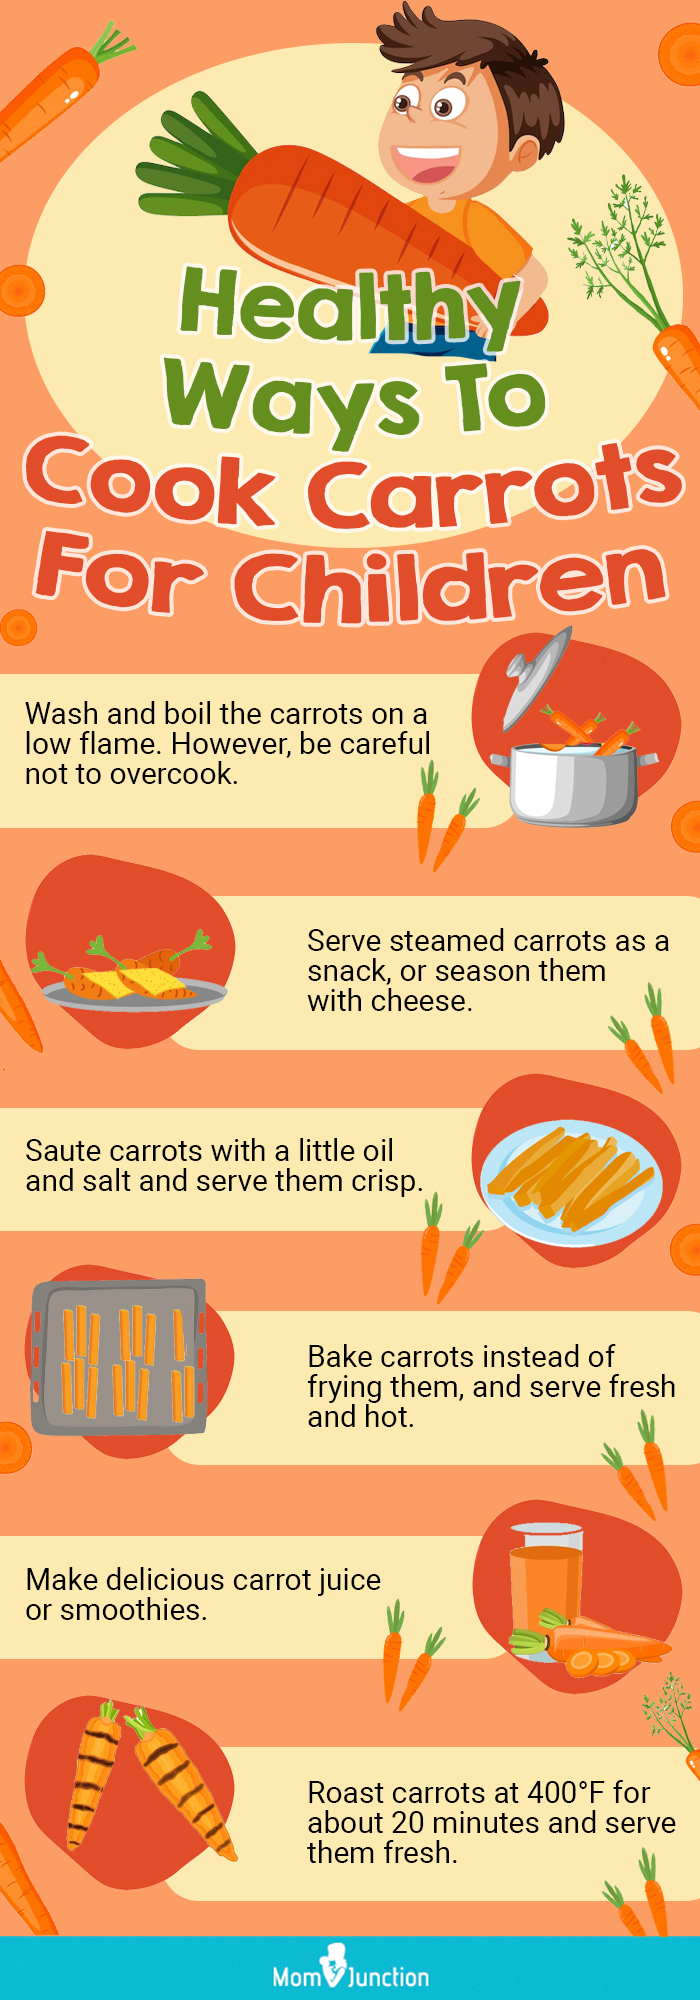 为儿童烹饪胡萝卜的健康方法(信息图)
...
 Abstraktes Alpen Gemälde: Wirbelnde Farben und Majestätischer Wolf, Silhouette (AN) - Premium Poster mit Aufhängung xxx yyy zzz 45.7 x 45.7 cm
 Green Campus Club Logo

* [WHAT IS EXPECTED] Output the lines of the records above exactly as they appear, from the line containing "Abstraktes Alpen Gemälde: Wirbelnde" through the line containing "Green Campus Club Logo".

* [ANSWER TO THIS TASK]
 Abstraktes Alpen Gemälde: Wirbelnde Farben und Majestätischer Wolf, Silhouette (AN) - Premium Poster mit Aufhängung xxx yyy zzz 45.7 x 45.7 cm
 Green Campus Club Logo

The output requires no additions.